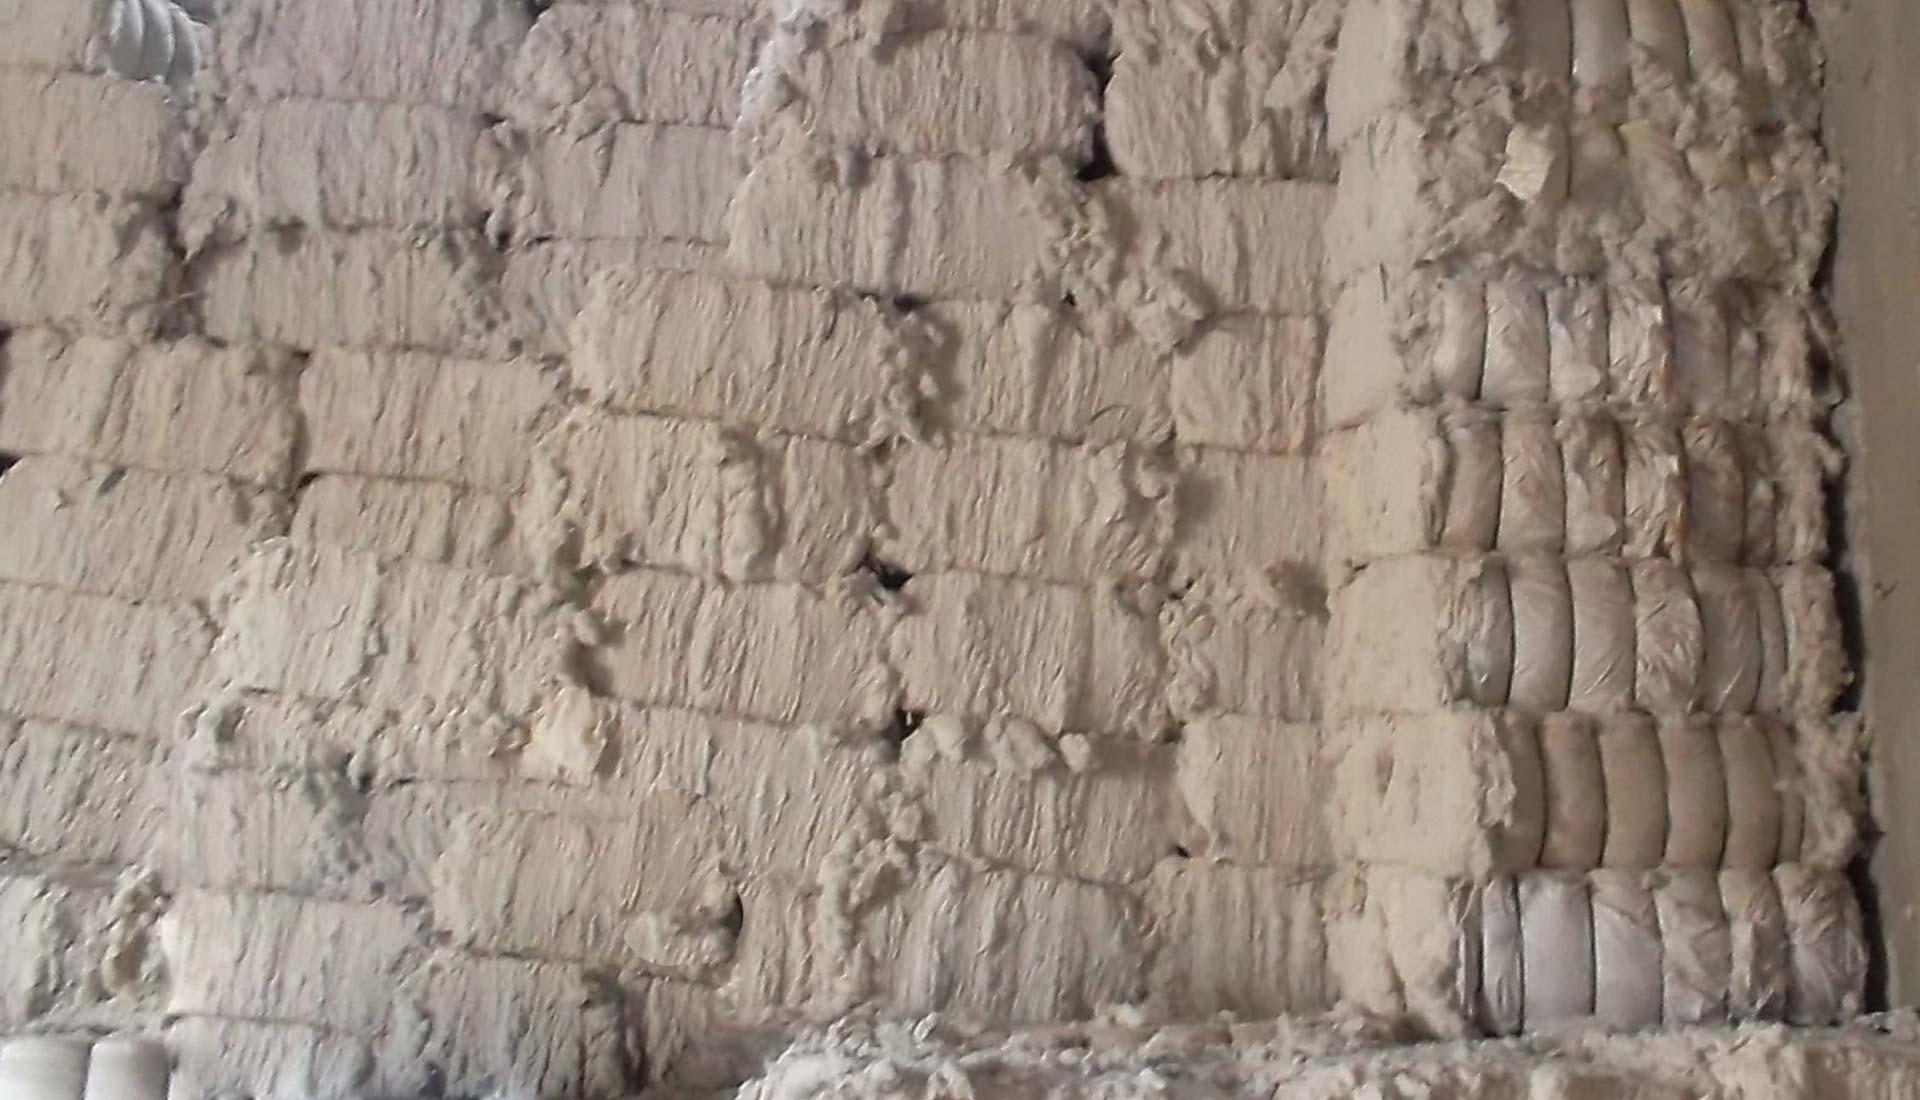 YarnTrade - Spinning Cotton Waste
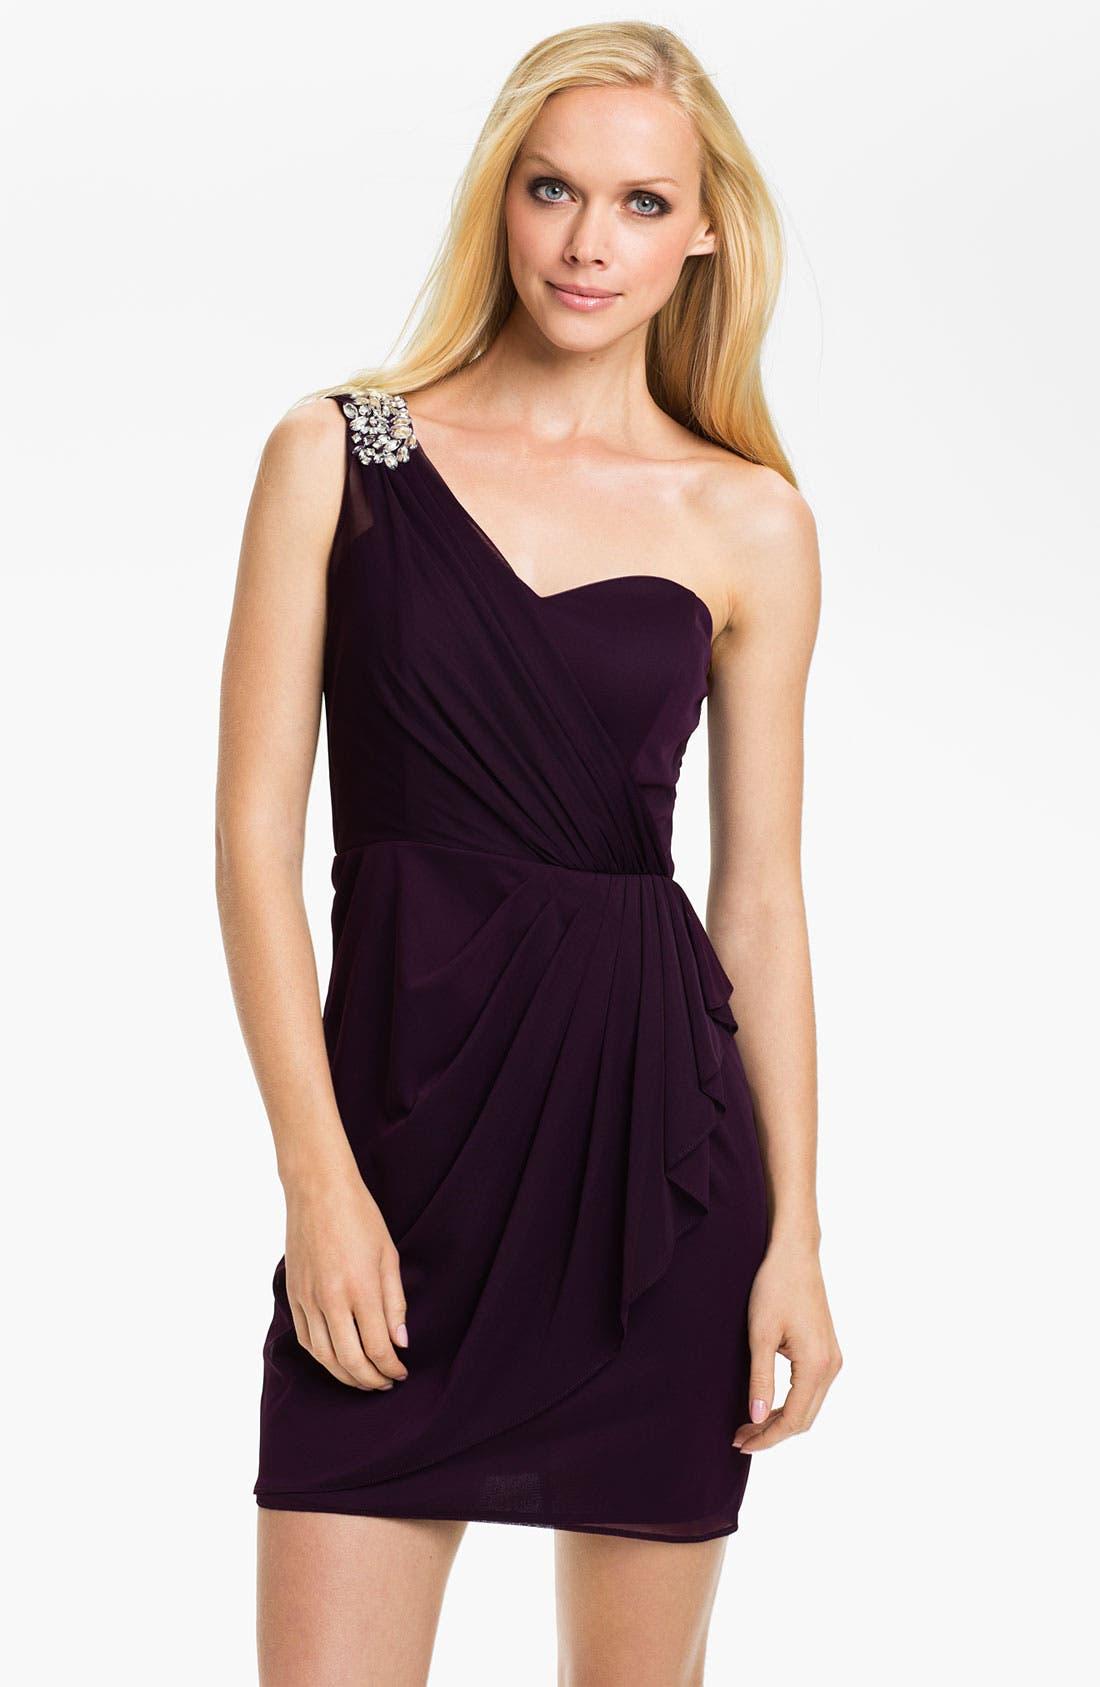 Alternate Image 1 Selected - Xscape Pleated One Shoulder Mesh Dress (Petite)
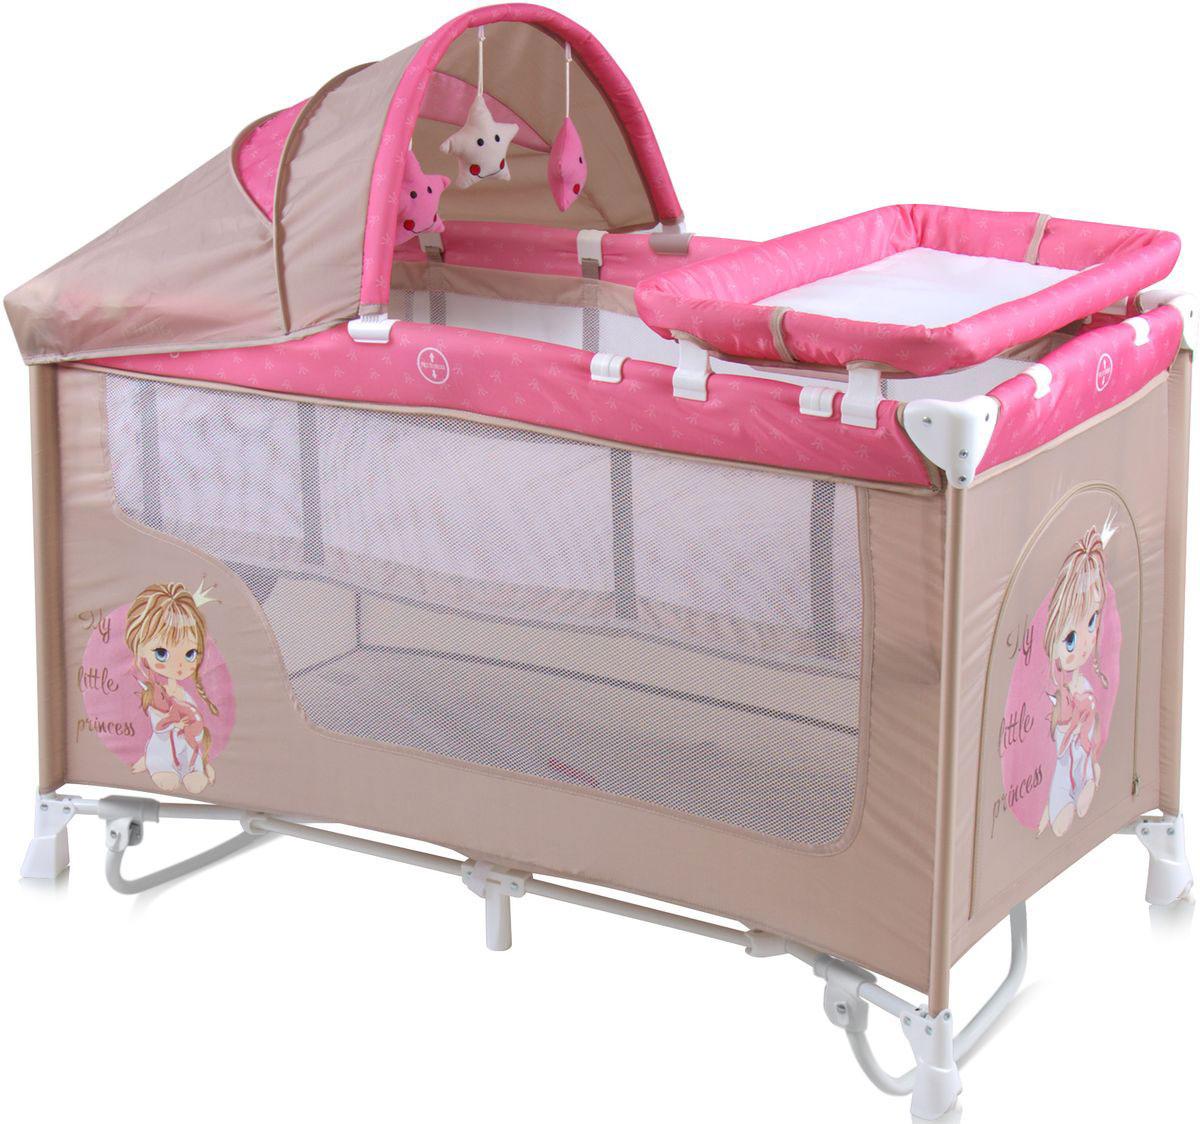 Lorelli Манеж-кроватка Nanny 2 Plus Rocker цвет бежевый розовый -  Детская комната

_ _ _ _

■ Task to carry out: Retype the data above exactly, dropping every picture.

■ Result:
 YarnTrade - Spinning Cotton Waste
 Alternate Image 1 Selected - Xscape Pleated One Shoulder Mesh Dress (Petite)
 Lorelli Манеж-кроватка Nanny 2 Plus Rocker цвет бежевый розовый -  Детская комната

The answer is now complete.